Regional percent increase in CVD hospitalizations (95% posterior intervals) associated with an IQR increase in same-day (lag 0), previous-day (lag 1) and two days before (lag 2) PM2.5 concentration for 6 major sources identified in the northeastern US. Results are shown for SHARE and mAPCA. Unlike SHARE, mAPCA does not identify a traffic source.
Using SHARE, we found that an IQR increase in same-day exposure to PM2.5 from traffic was associated with a 1.12% (95% posterior interval 0.22%, 2.02%) increase in CVD hospitalizations. Additionally, IQR increases in same-day PM2.5 from metals and secondary sulfate were associated with increases in CVD hospitalizations of 0.82% (0.36%, 1.28%) and 0.74% (0.12%, 1.36%) respectively. Using mAPCA, we found evidence of associations of CVD hospitalizations with PM2.5 secondary sulfate, salt, and residual oil at lag 0, though mAPCA did not identify a traffic source of PM2.5. We did not find evidence that lag 1 or lag 2 exposure to PM2.5 sources was associated with CVD hospitalizations using either SHARE or mAPCA. The seasonal results showed the largest differences in estimated health effects by season for secondary sulfate, salt, and soil (Supplementary Material, Figure S3). We did not estimate associations between PM2.5 from metals and CVD hospitalizations in the cold season because the source was only identified in one county using SHARE.
6. Discussion
SHARE is a hierarchical modeling approach for estimating regional-level health effects of PM2.5 sources in multisite time series studies. In our analysis of PM2.5 source types and CVD hospitalizations in the northeastern US using SHARE, we identified positive associations between short-term exposure to PM2.5 from traffic, secondary sulfate, and metals. Previous studies have identified combustion PM2.5, such as PM2.5 from traffic, to be most associated with adverse health outcomes [1]. Exposure to secondary sulfate, a regional pollutant that contributes substantially to PM2.5 by mass [21, 10], may be well-represented by the daily Air Quality Index (AQI). However, PM2.5 from traffic and metals sources may not be well-represented by the AQI because they are frequently spatially heterogeneous and can vary substantially within a city. Therefore, recommendations for reducing exposure based on the AQI alone may not sufficiently protect health. Other recommendations that could reduce exposure to PM2.5 from traffic and metals sources may include not exercising near roadways or industrial sources of pollution and keeping the windows rolled up while commuting [8]. Our approach to identify the most harmful sources of pollution could also facilitate future policies aimed at reducing pollution by focusing on the most toxic sources.

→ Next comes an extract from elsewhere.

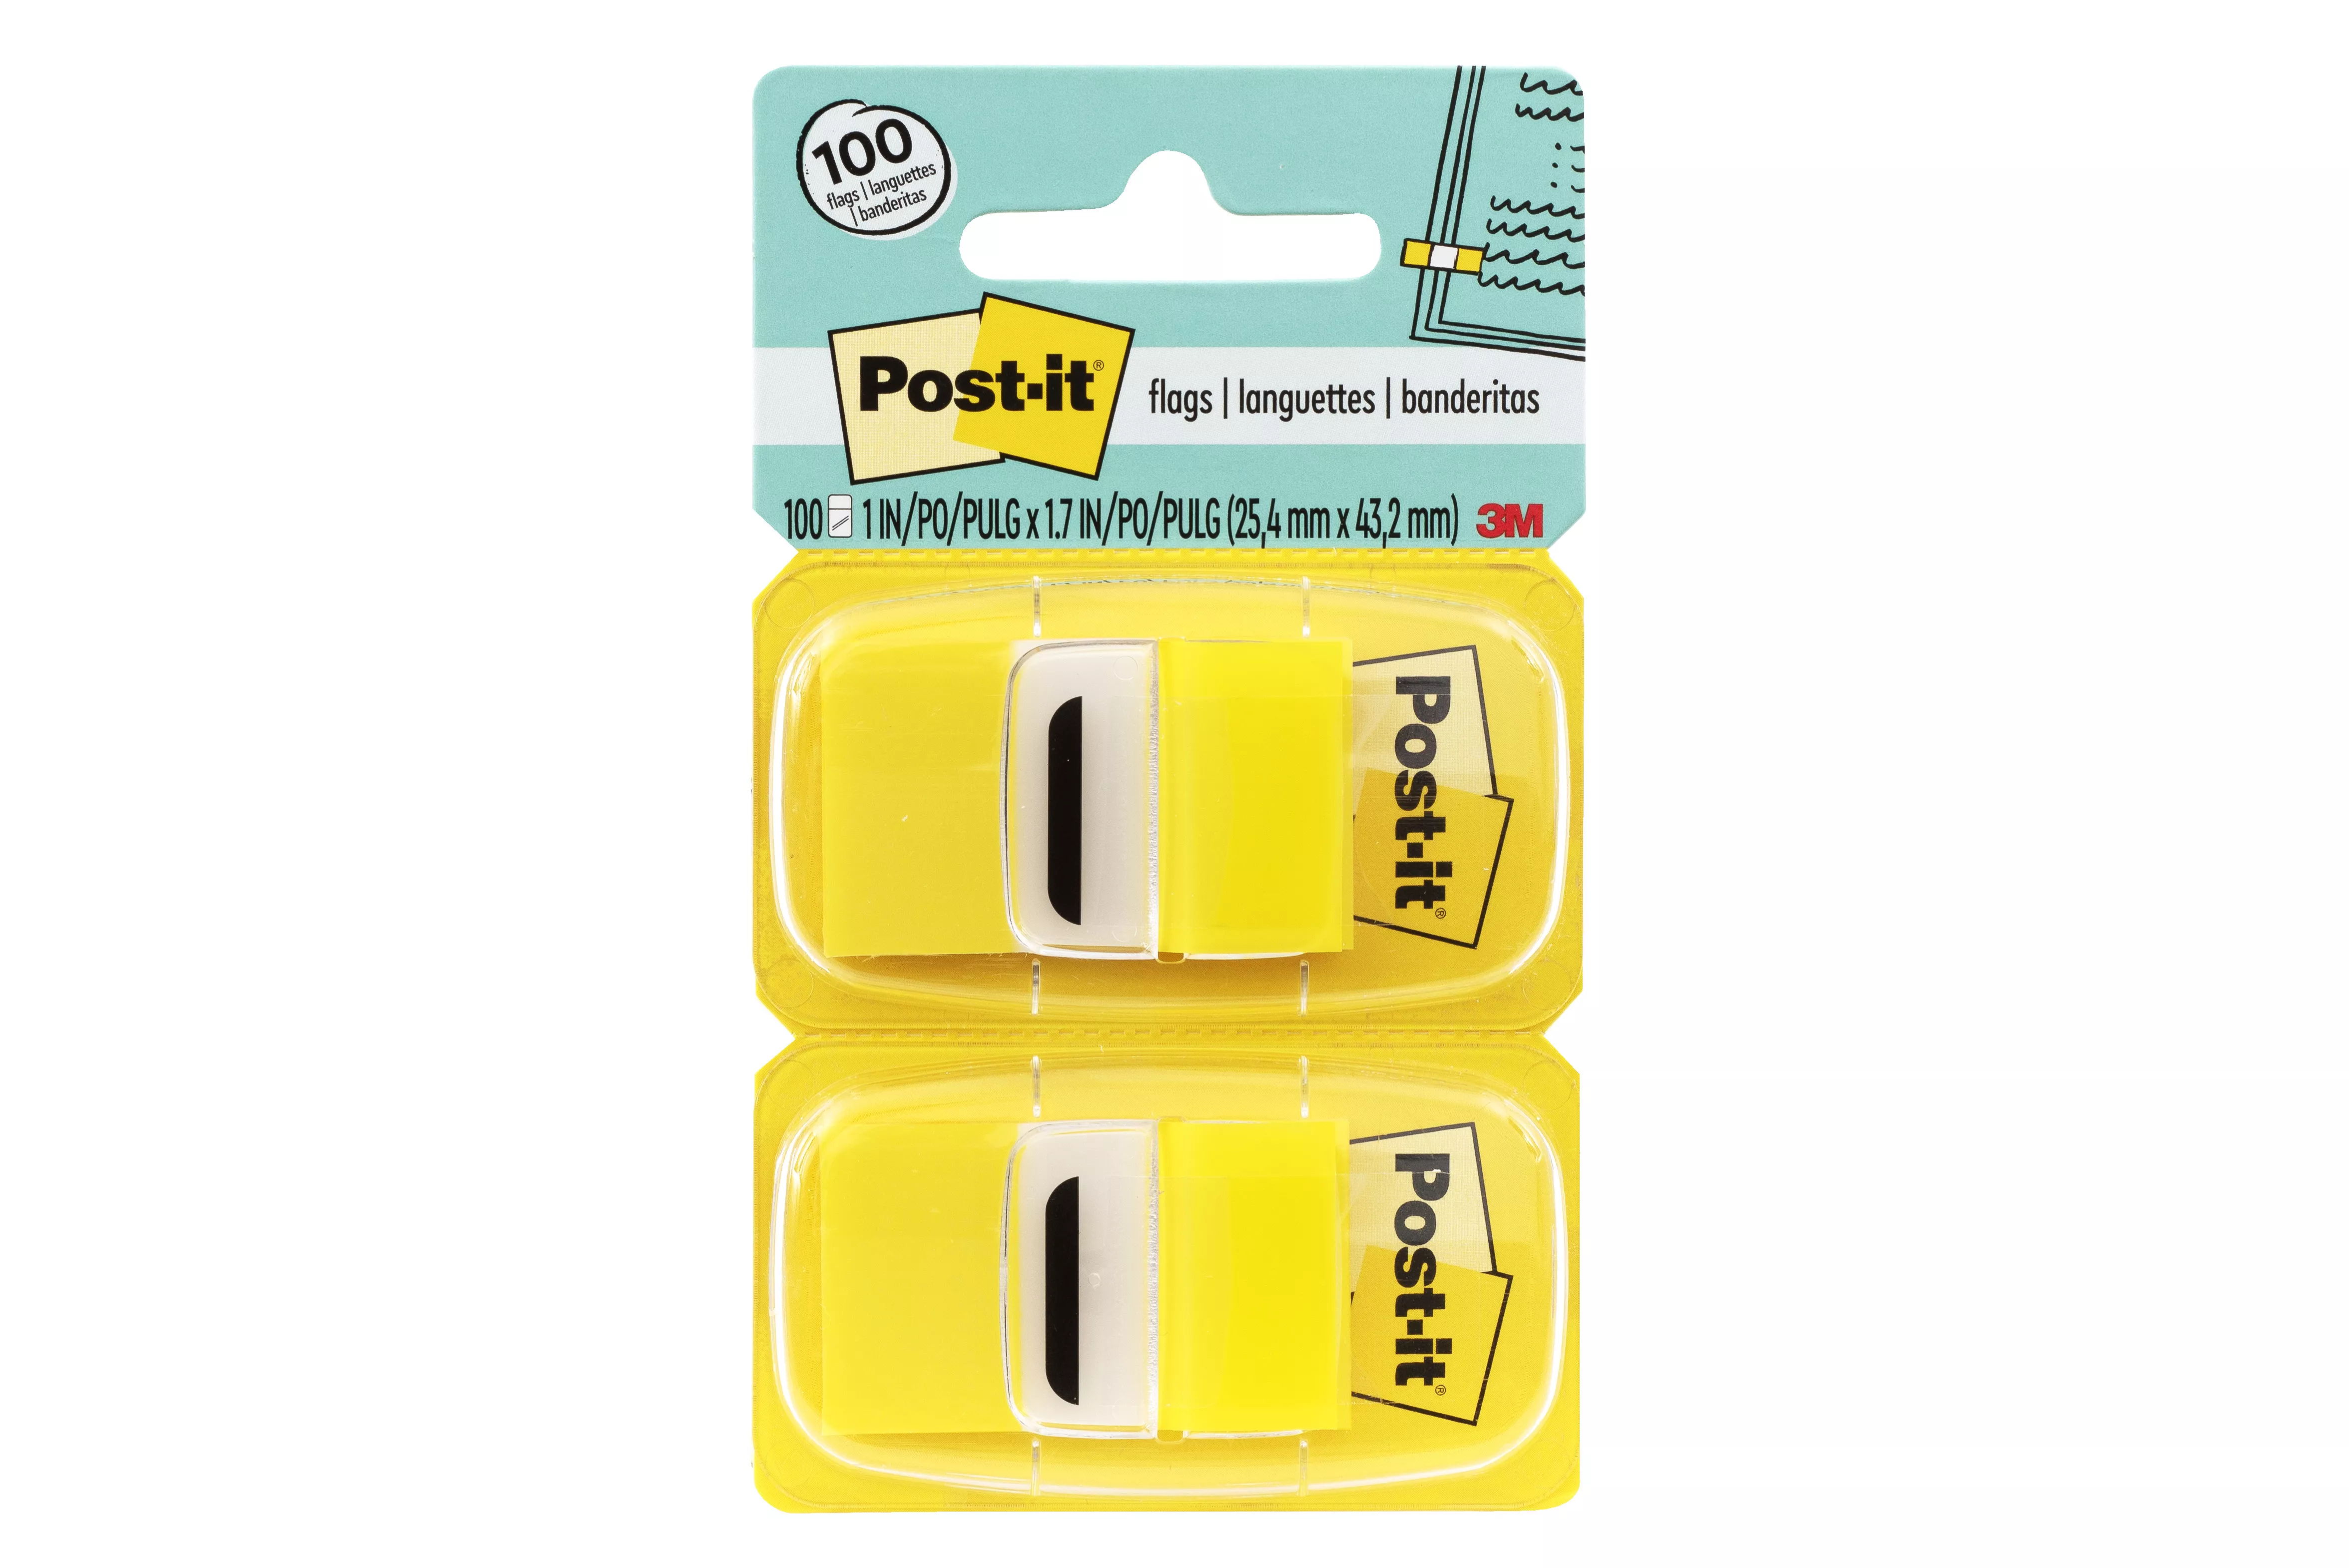 Post-it® Flags 680-YW12, 1 in. x 1.7 in. (25.4 mm x 43.2 mm) Canary
Yellow 12 disp/box 4 bx/cs
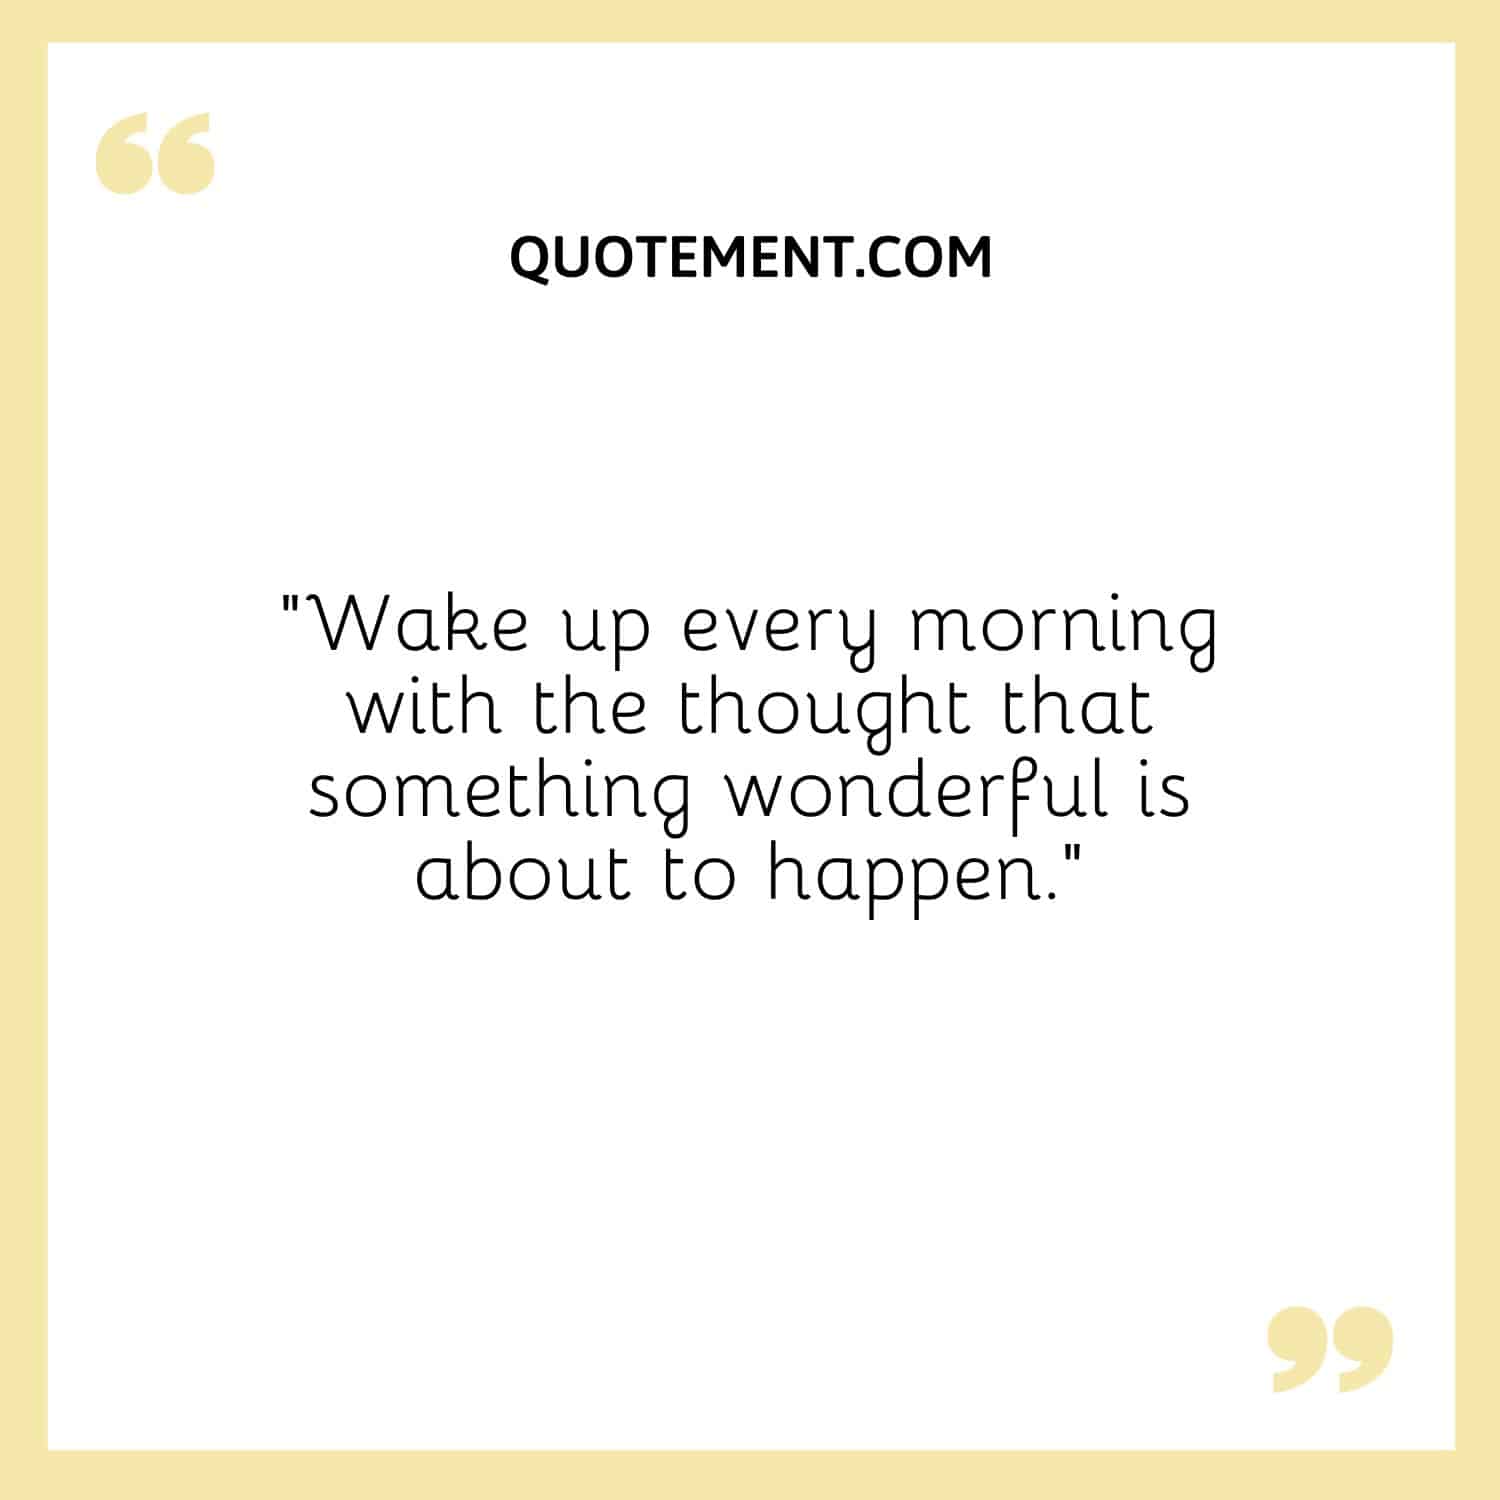 Wake up every morning with the thought that something wonderful is about to happen

In this study, we were interested in estimating regional-level health effects associated with major sources of PM2.5 in a multisite US study. Previously, multisite studies have been used to examine confounding and effect modification across regions, including differences by air conditioning use [37], PM2.5 composition [18], and oxidative potential of PM2.5 [38]. We did not control for other pollutants that could potentially confound the association between PM2.5 sources and CVD hospitalizations. The MCAPS study of 204 US counties did not find that CVD hospitalization effect estimates for PM2.5 were modified by average ozone concentration [2]. A multisite study of PM2.5 and CVD hospitalizations in Europe did not find that associations were confounded by ozone, though there was some evidence of confounding by NO2 [3]. Other studies have not found much evidence of confounding of PM2.5 by gaseous co-pollutants [1], though this has yet to be extensively examined for PM2.5 constituents and sources. A challenge in conducting multisite studies of multiple pollutants is that ambient monitors are not always co-located and may measure pollution at different temporal scales [39, 40]. We also did not explore confounding by local sources of PM2.5 present in each county. Exposure to local sources within a county, for example a specific factory, may be associated with adverse health outcomes; however, local sources can be better examined using county-level studies instead of multisite studies. In general, assessing confounding by other source types in multisite epidemiologic studies is an important area of future research, but this may require novel approaches to account for varying source types across sites. Because our SHARE approach facilitates multisite studies, it could be extended to investigate confounding by PM2.5 sources that has not been previously explored.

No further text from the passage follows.